M. Y a obtenu, du juge des référés du tribunal de grande instance de Clermont-Ferrand, l’organisation d’une expertise médicale d’évaluation de son préjudice, suivant ordonnance du 21 novembre 2012, au contradictoire de M. X, de l’Association SANCY ARTENSE FOOT club de M. X, et de la société ALLIANZ IARD, assureur responsabilité de cette association.
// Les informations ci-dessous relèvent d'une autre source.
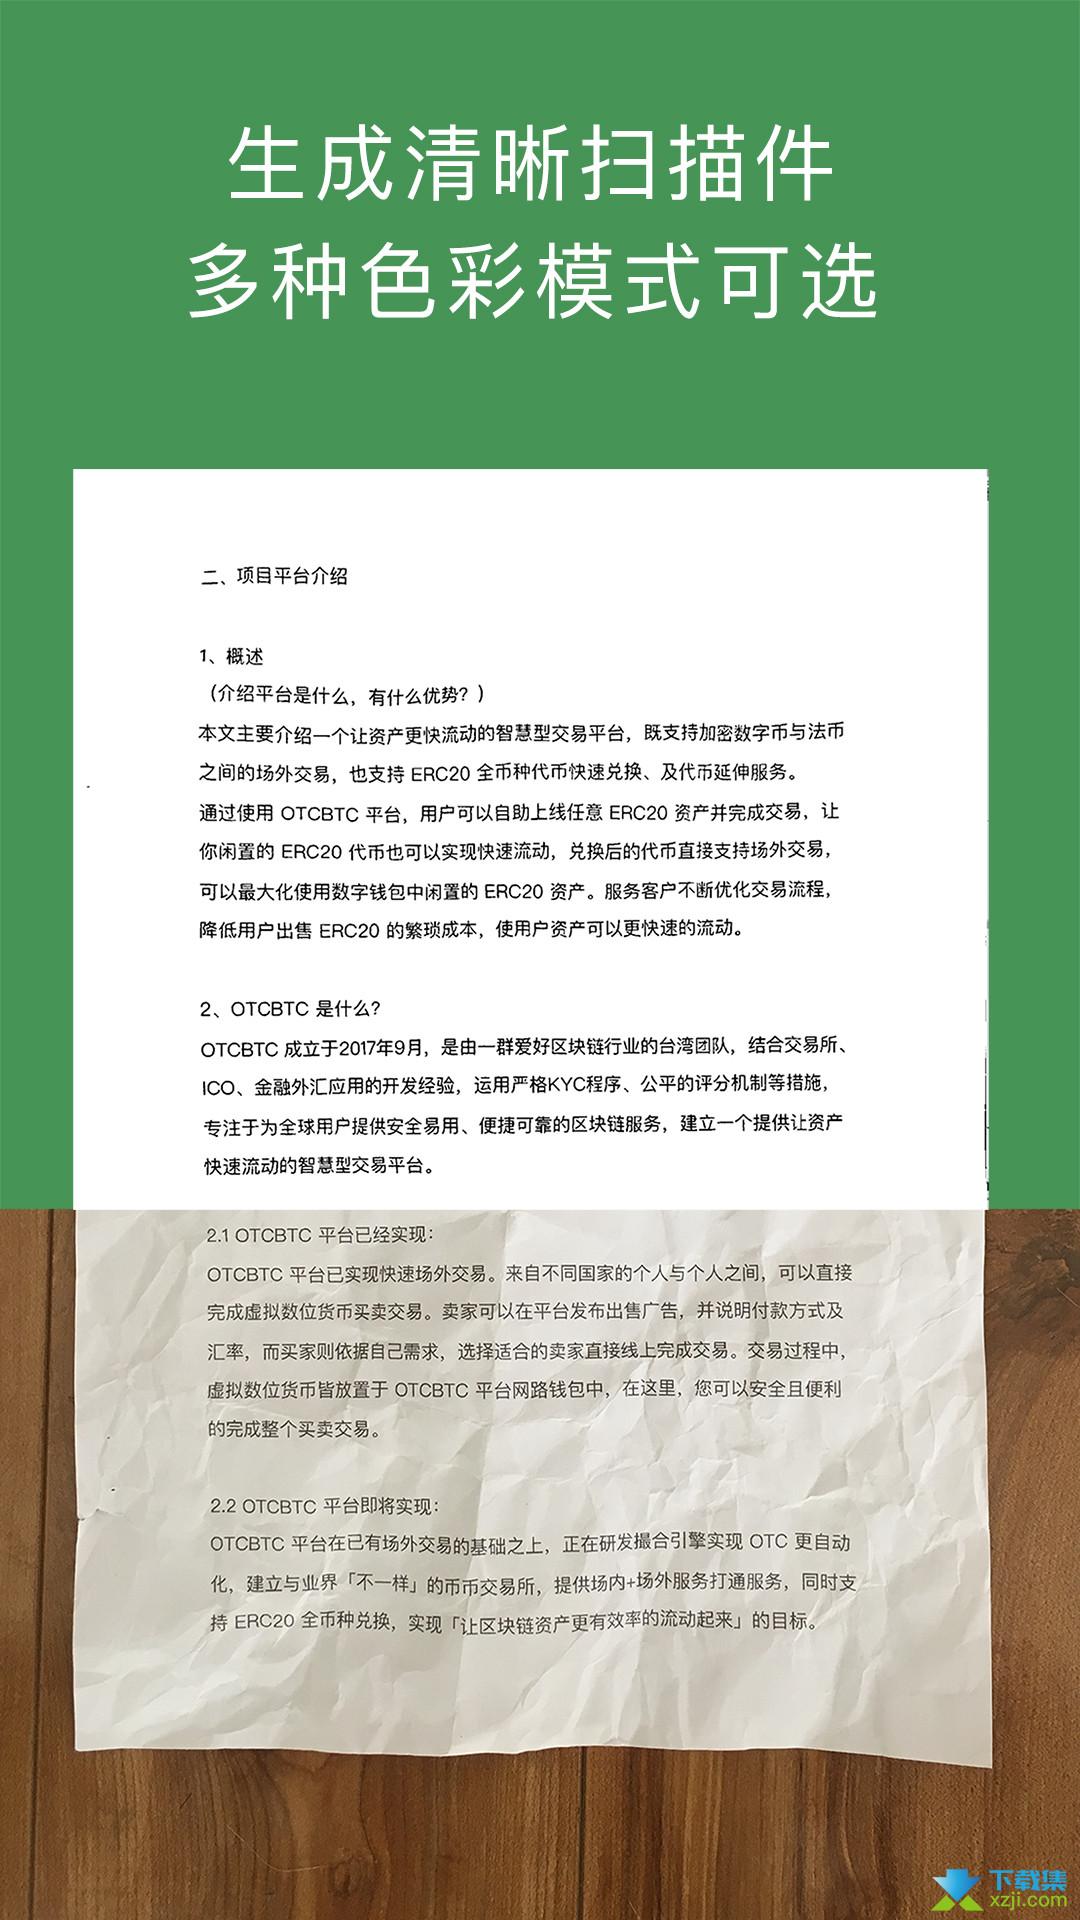 白描界面4

Le docteur E B médecin expert a établi son rapport le 12 août 2013. Il énonce notamment que M. Y a subi un atteinte temporaire totale à son intégrité physique initiale du 20 février au 3 mars 2011, puis une atteinte temporaire partielle du 4 mars 2011 au 18 octobre 2012, que les souffrances endurées peuvent être évaluées à 4/7, le préjudice esthétique permanent à 1,5/7, et qu’il subsiste un déficit fonctionnel permanent estimé à 5 %.
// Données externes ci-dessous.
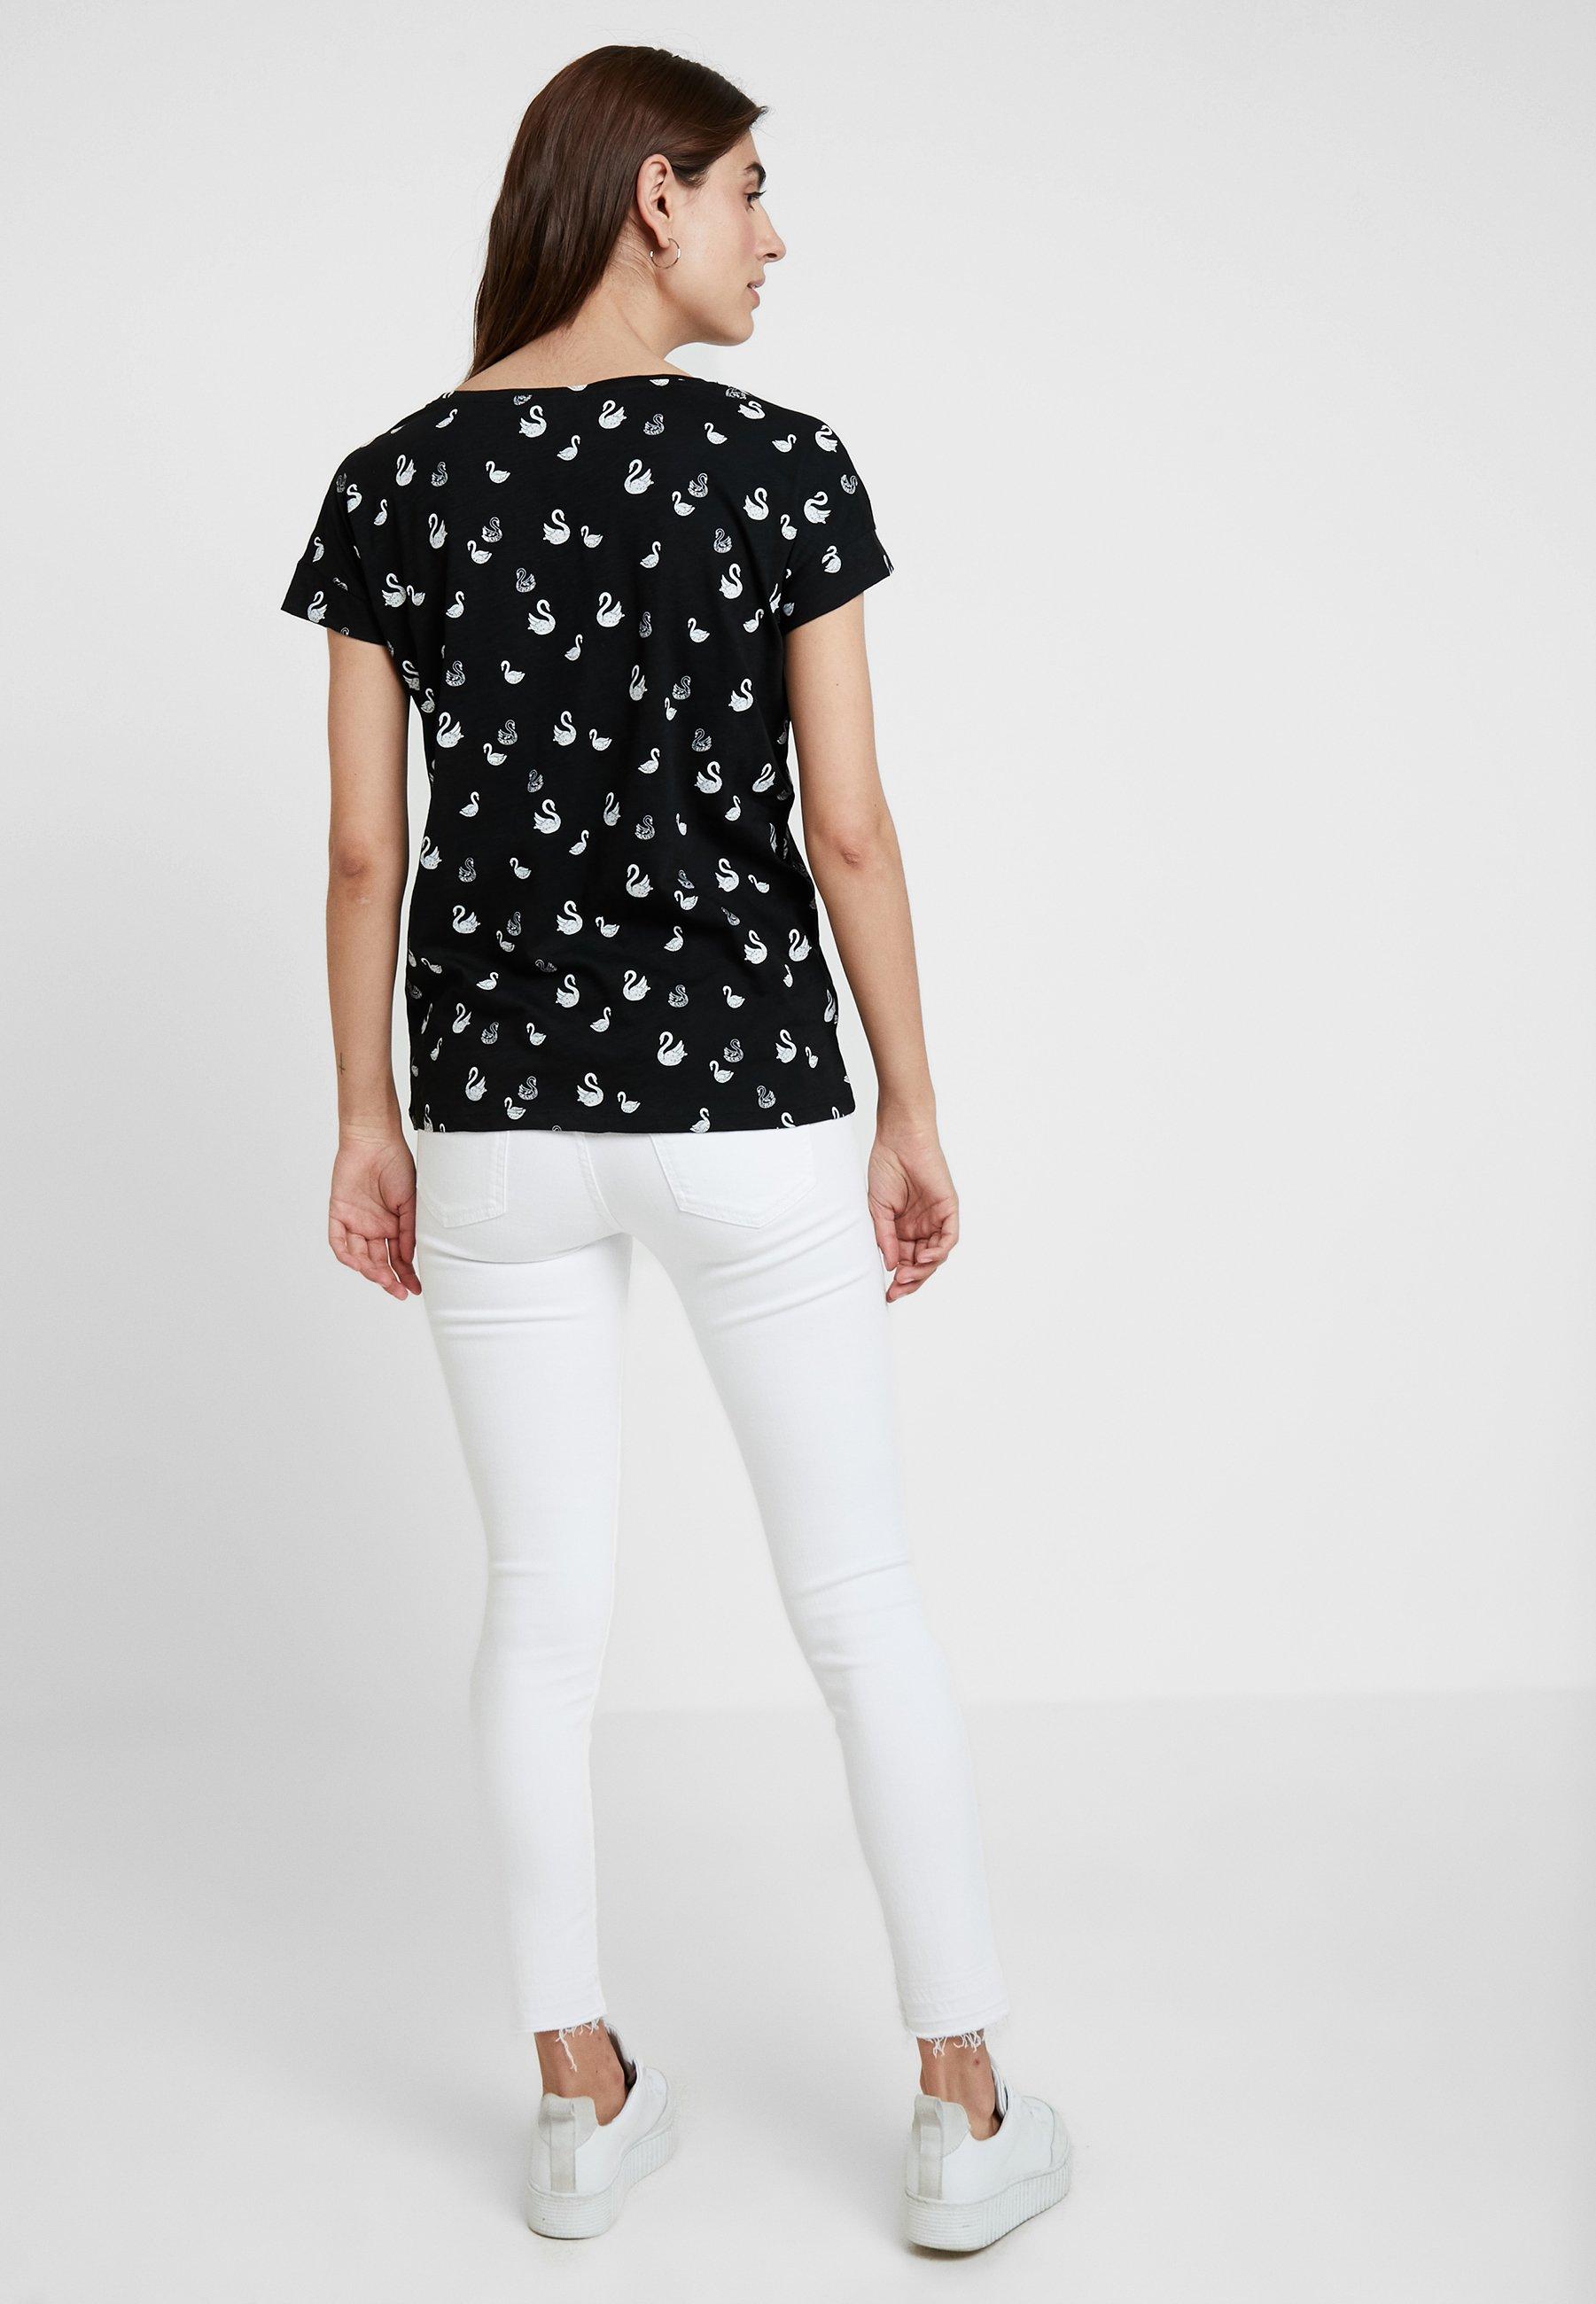 Esprit shirt T shirt ImpriméBlack T Esprit knwO0P

Les faits ont comporté une suite disciplinaire pour M. X, qui a fait l’objet, de la part de l’autorité compétente, d’une suspension ferme de toutes fonctions officielles pendant 12 matchs ; l’Association SANCY ARTENSE FOOT s’est vu infliger, par la même décision, une amende de 85 euros.
M. Y avait par ailleurs déposé une plainte, qui a l’issue d’une enquête préliminaire a été classée sans suite par le ministère public, au motif que les faits de violences volontaires n’apparaissaient pas établis.
Le 3 juin 2014, M. Y a fait assigner, devant le tribunal de grande instance de Clermont-Ferrand, M. X, l’Association SANCY ARTENSE FOOT et la société ALLIANZ IARD, pour obtenir leur condamnation à l’indemniser de ses préjudices. M. Y a fait en outre assigner la CPAM du Puy-de-Dôme en déclaration de jugement commun.
Les défendeurs ont contesté, devant le tribunal, le principe même de la responsabilité de M. X et de son club, au motif que M. X n’avait pas commis de violation certaine des règles du jeu. À titre subsidiaire, ils ont conclu à la réduction des sommes demandées.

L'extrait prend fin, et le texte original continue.